*Task details:* Copy out the listing in full, exactly as written, but not its pictures.

*Information shown:*
<<<<

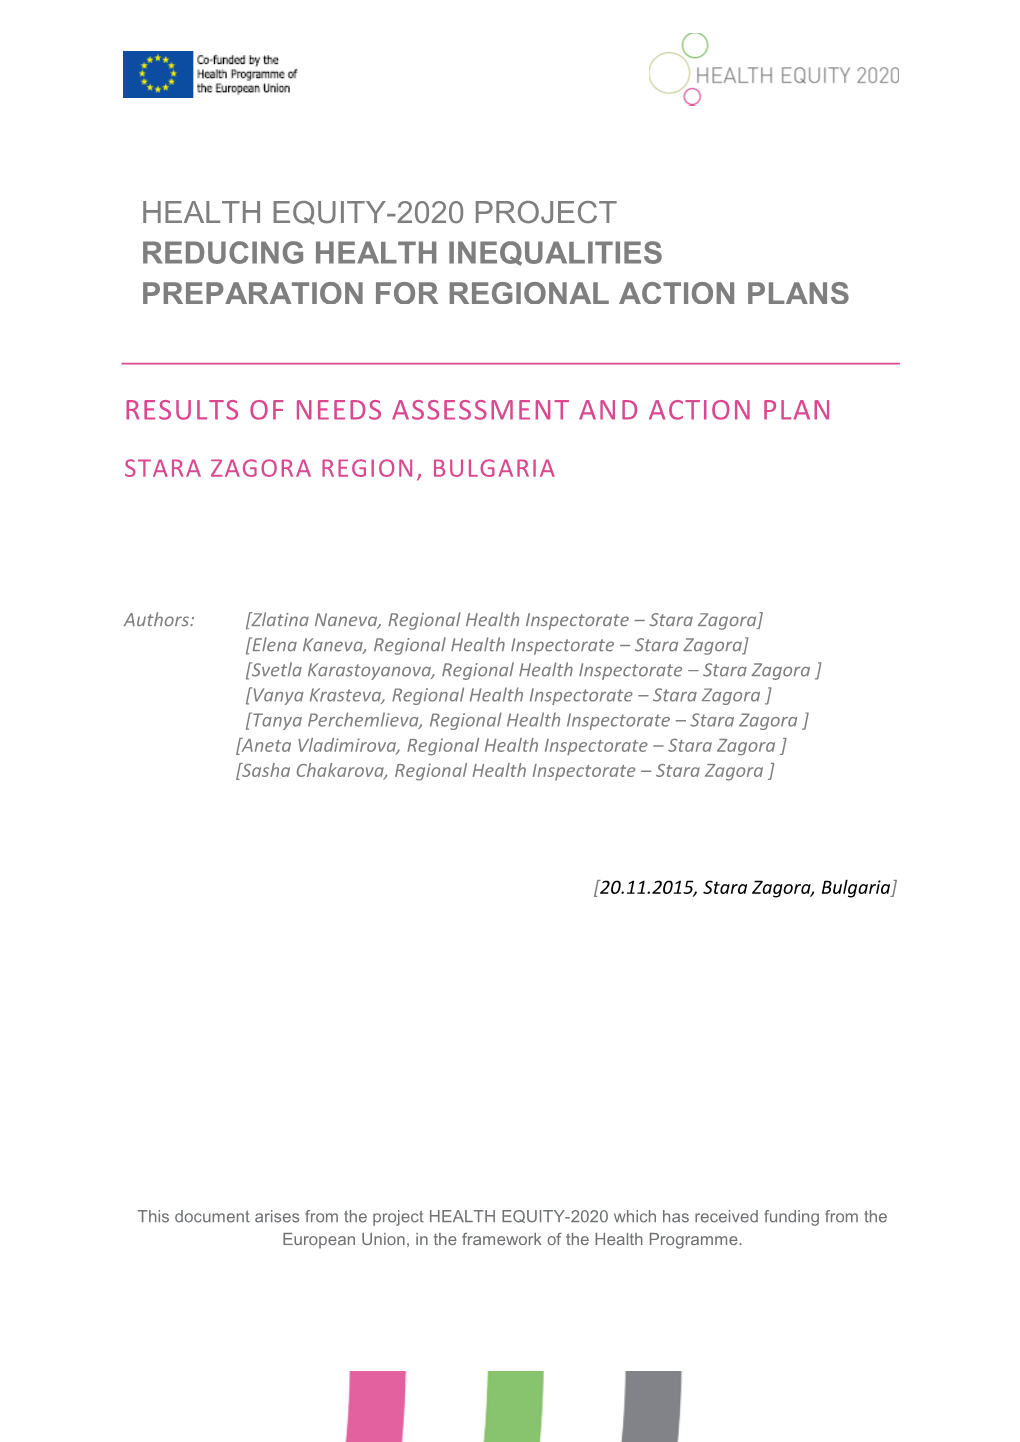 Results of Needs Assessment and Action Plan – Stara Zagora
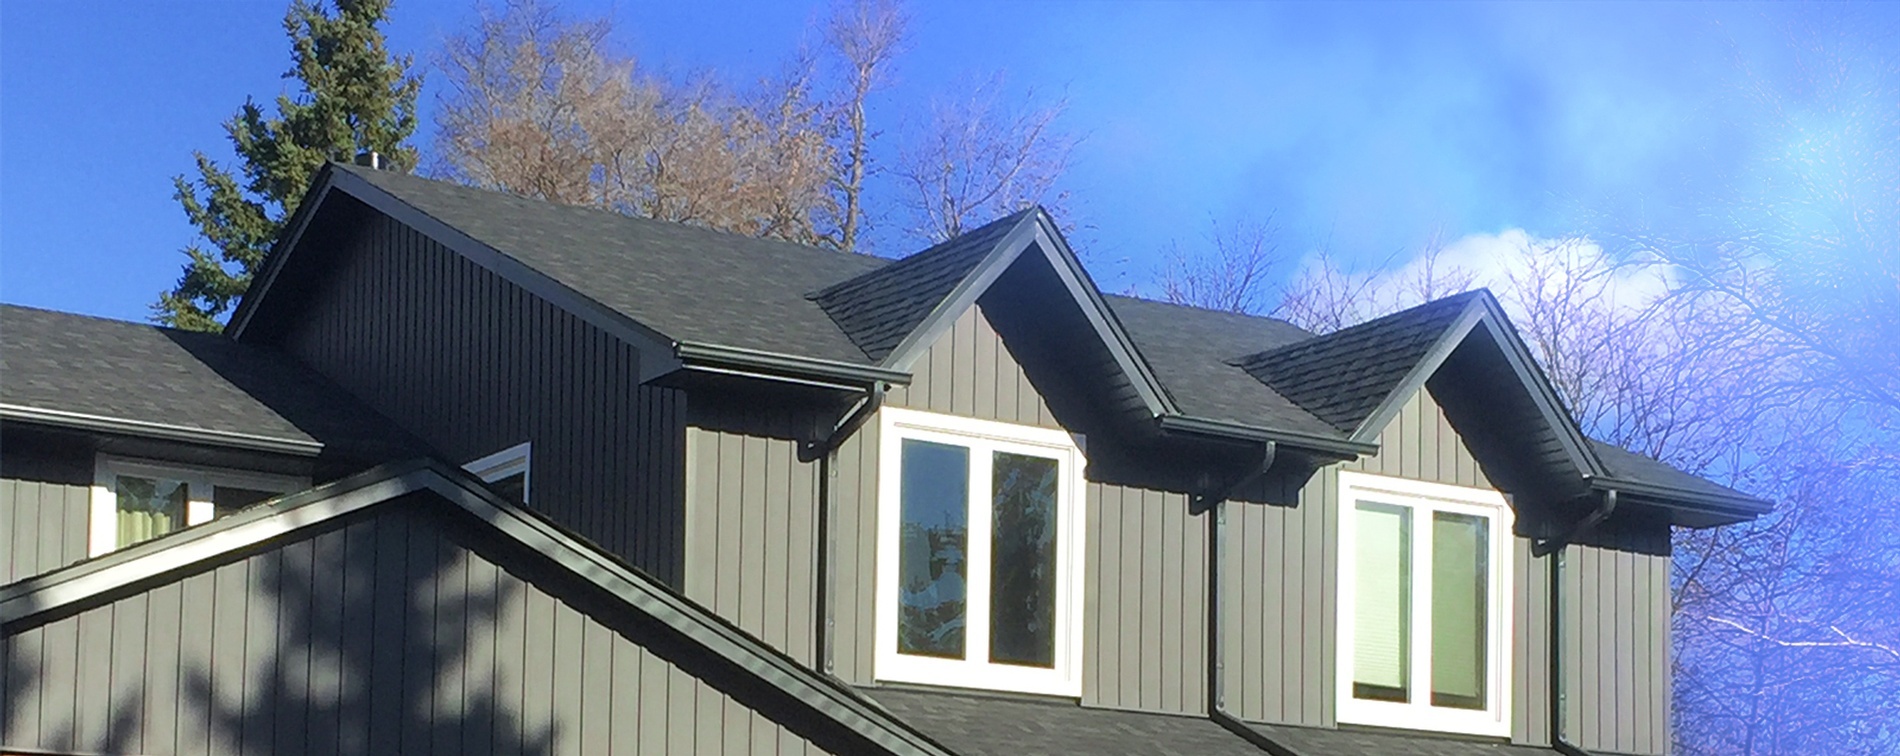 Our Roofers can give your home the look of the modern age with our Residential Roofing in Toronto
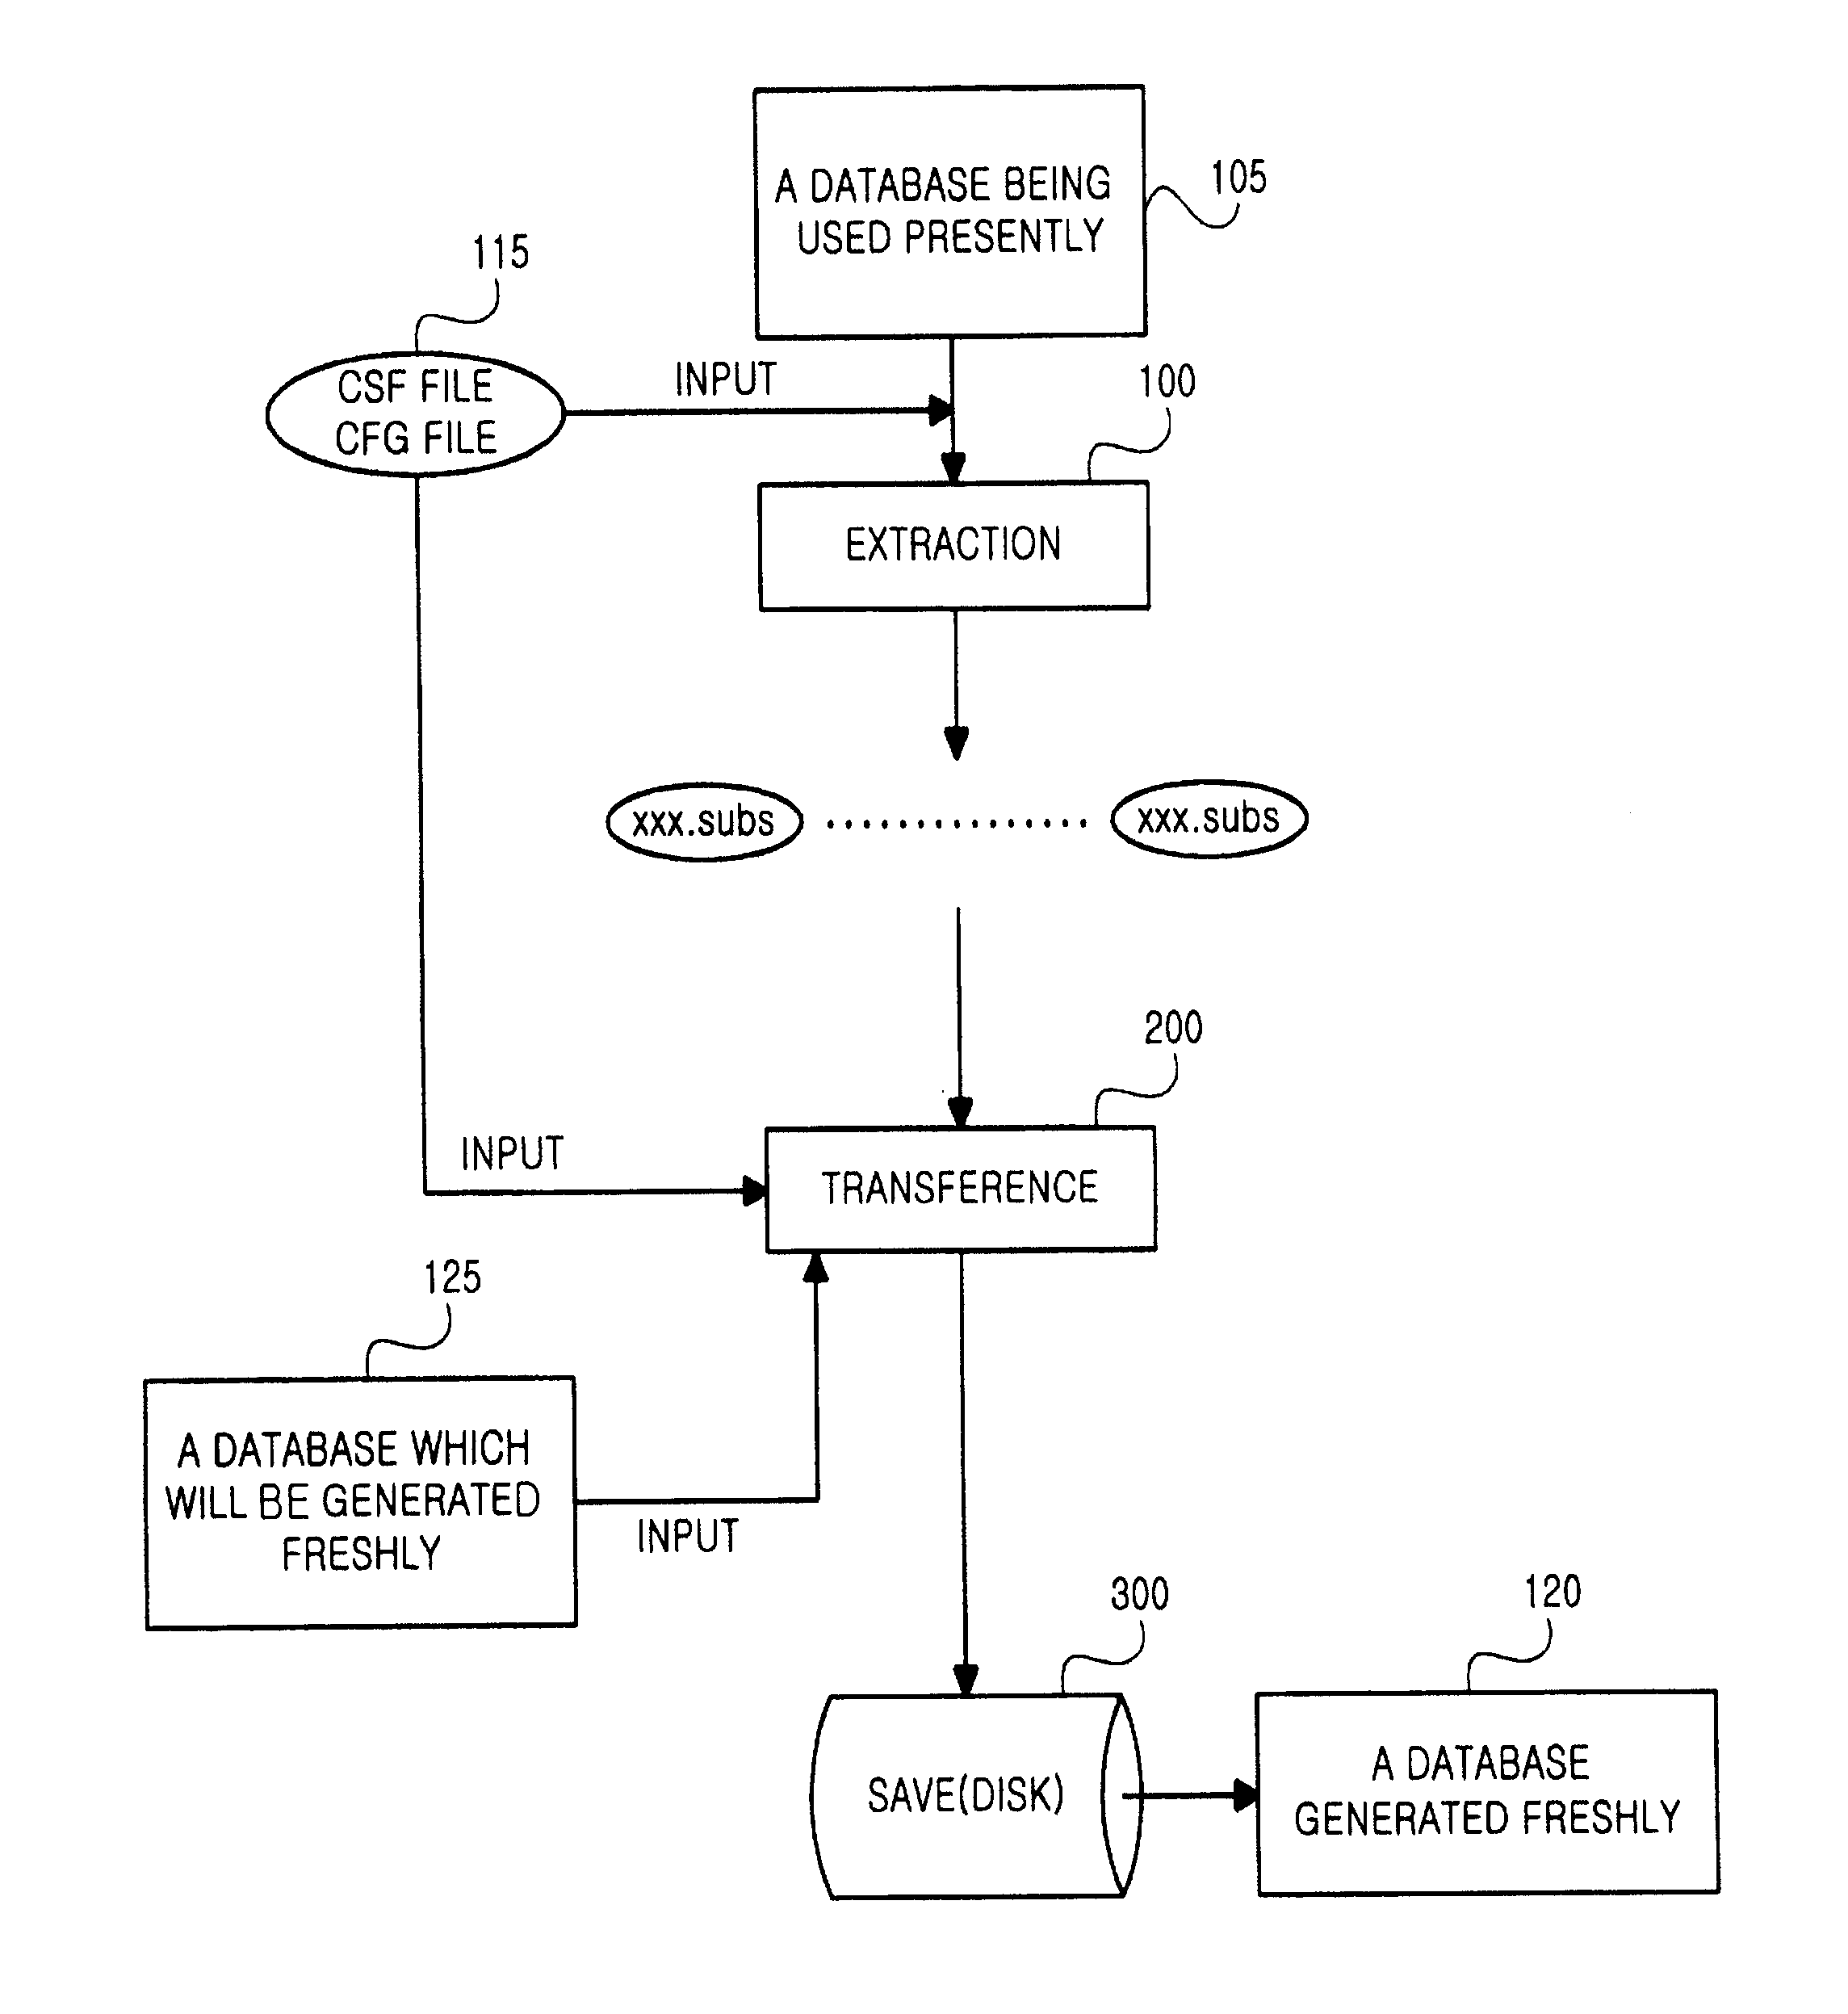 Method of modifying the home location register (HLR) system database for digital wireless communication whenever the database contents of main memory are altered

>>>>

*Response to the exercise:*
 Results of Needs Assessment and Action Plan – Stara Zagora
 Our Roofers can give your home the look of the modern age with our Residential Roofing in Toronto
 Method of modifying the home location register (HLR) system database for digital wireless communication whenever the database contents of main memory are altered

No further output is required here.